Does management stress-test appropriate scenarios against the point at which the entity has defined its willingness to accept exposure to loss? Has the company’s history of performance variability and success in meeting market expectations been considered in developing its risk appetite?

• Are there aspects of the strategy that may be unrealistic and may result in unacceptable risk if managers are pressured to achieve unrealistic stretch performance goals?

There is no such thing as a standard risk appetite. Management and the board formulate a risk appetite statement with full understanding of the trade-offs involved and in the context of the entity’s chosen mission, vision and business objectives. The statement serves as a reminder of the core risk strategy arising from the strategy-setting process, considering the organization’s capacity to bear risk as well as a broader understanding of the level of risk it can safely assume and successfully manage over the planning horizon in executing its strategy.

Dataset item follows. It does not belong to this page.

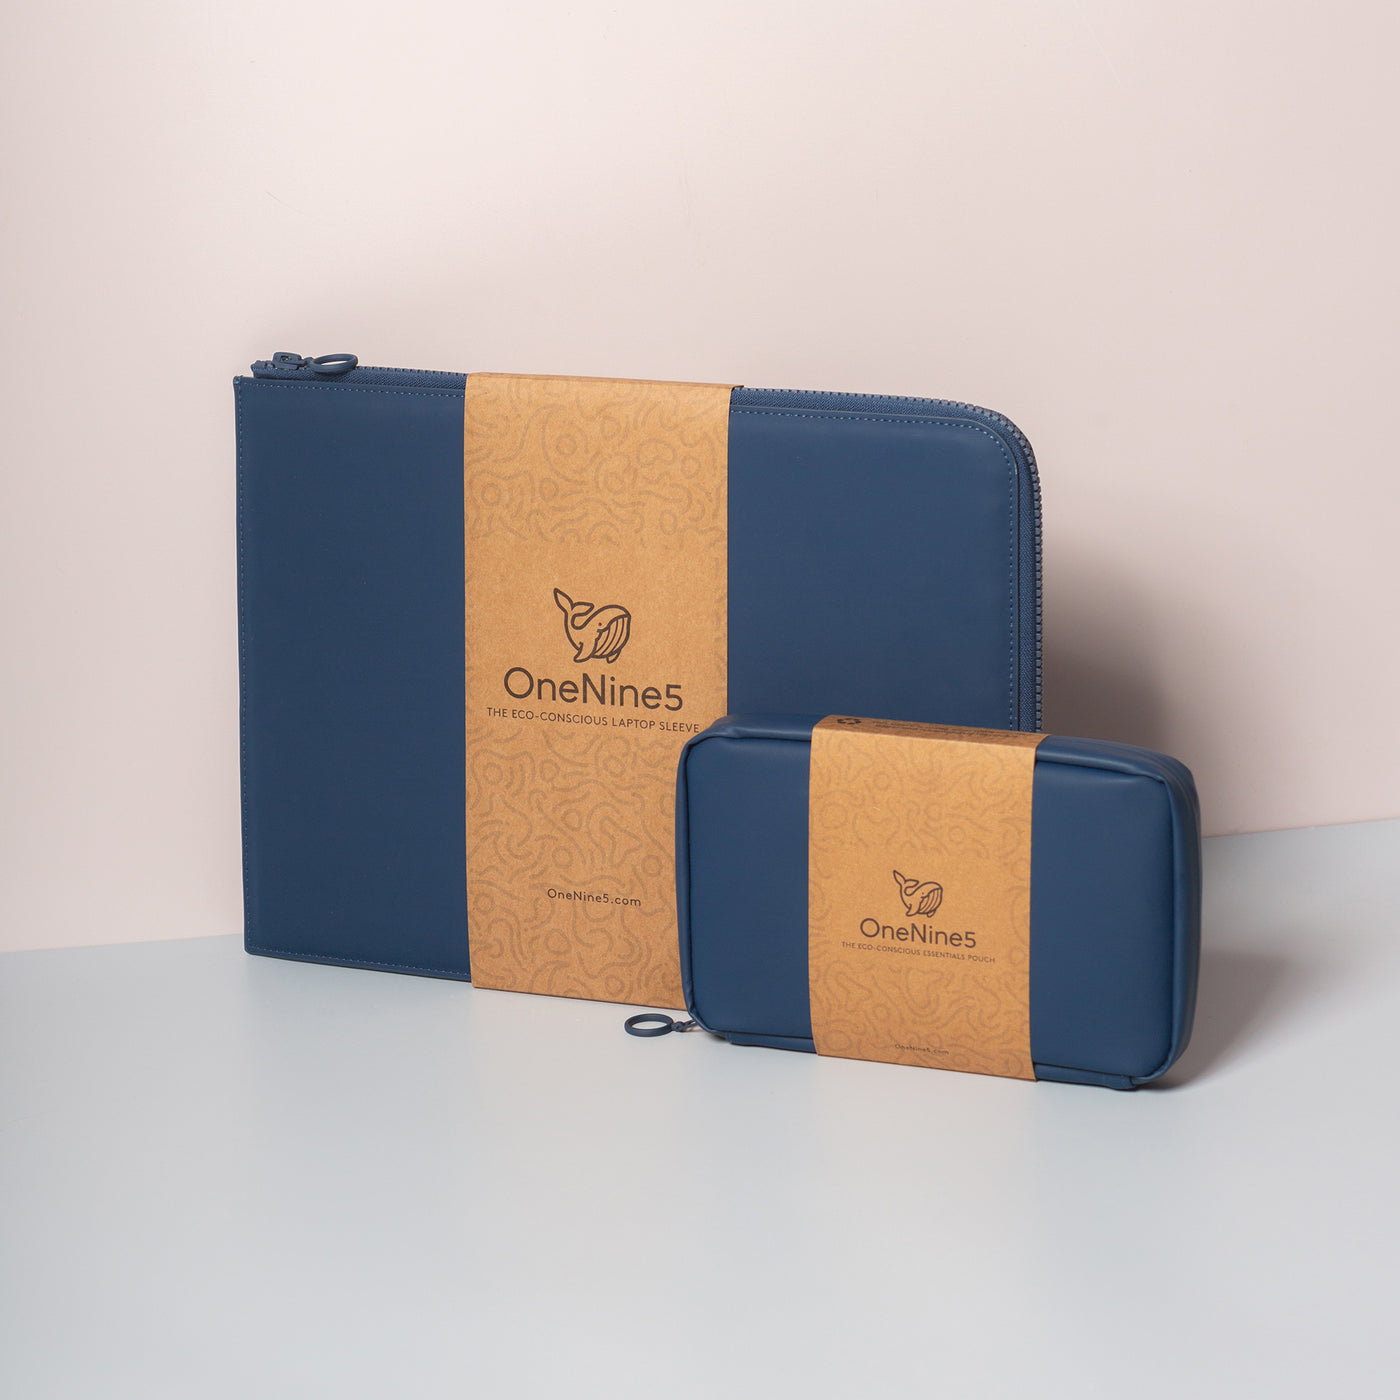 OneNine5 blue coconut padded 13" Eco-Conscious Laptop Sleeve and vegan leather Eco Essentials Pouch. Packaged in a brown and recyclable kraft paper sleeve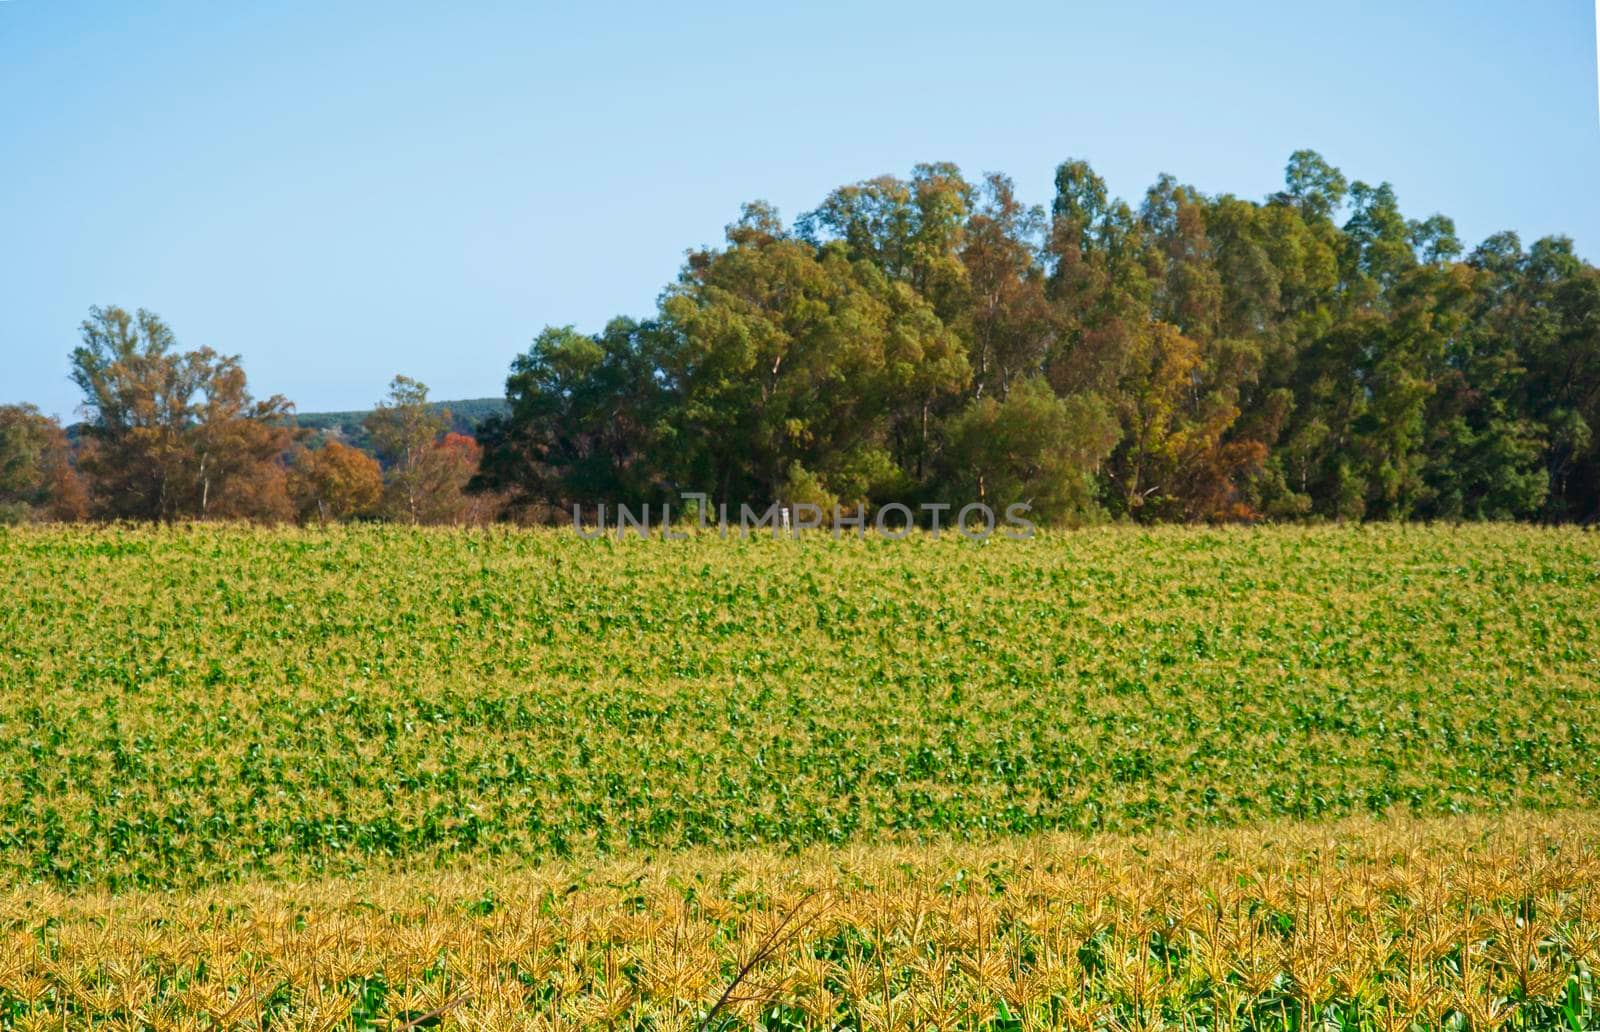 Wide green field with young yellow corn and autumn trees, blue sky. Seville, Spain

Questions for Senior Executives and Boards of Directors

Following are some suggested questions senior executives and their boards may consider, based on the entity’s operations:

• Is there a periodic substantive dialogue in both the C-suite and the boardroom regarding management’s appetite for risk and whether the company’s risk profile, as measured through periodic risk assessments and stress tests against multiple future scenarios, is consistent with that risk appetite? Is risk appetite considered when significant matters – such as proposed M&A transactions, entering new markets and significant R&D outlays – are evaluated and approved?
• Do the board and management engage in a periodic dialogue covering such topics as:
  • The maximum acceptable level of performance variability in specific operating areas?
  • The implications of changes in the business environment on the core assumptions inherent in the strategy, including the desired risk appetite?
  • Aspects of the strategy that may be a stretch or even unrealistic, leading to unacceptable risk-taking to achieve performance goals?
• Does risk reporting to executive management and the board consider the organization’s key risk appetite assertions? Is the board informed on a timely basis of exceptions and near misses to the company’s risk tolerance parameters and the planned actions to address them? Is the risk appetite statement used to drive risk policy across the enterprise?

[1] “Board-Management Dialogue on Risk Appetite,” NACD Advisory Council on Risk Oversight, May 2017, available as complimentary content at www.nacdonline.org/insights/publications.cfm?ItemNumber=43377.

[2] Enterprise Risk Management – Aligning Risk with Strategy and Performance, Committee of Sponsoring Organizations, June 2017, available at www.coso.org.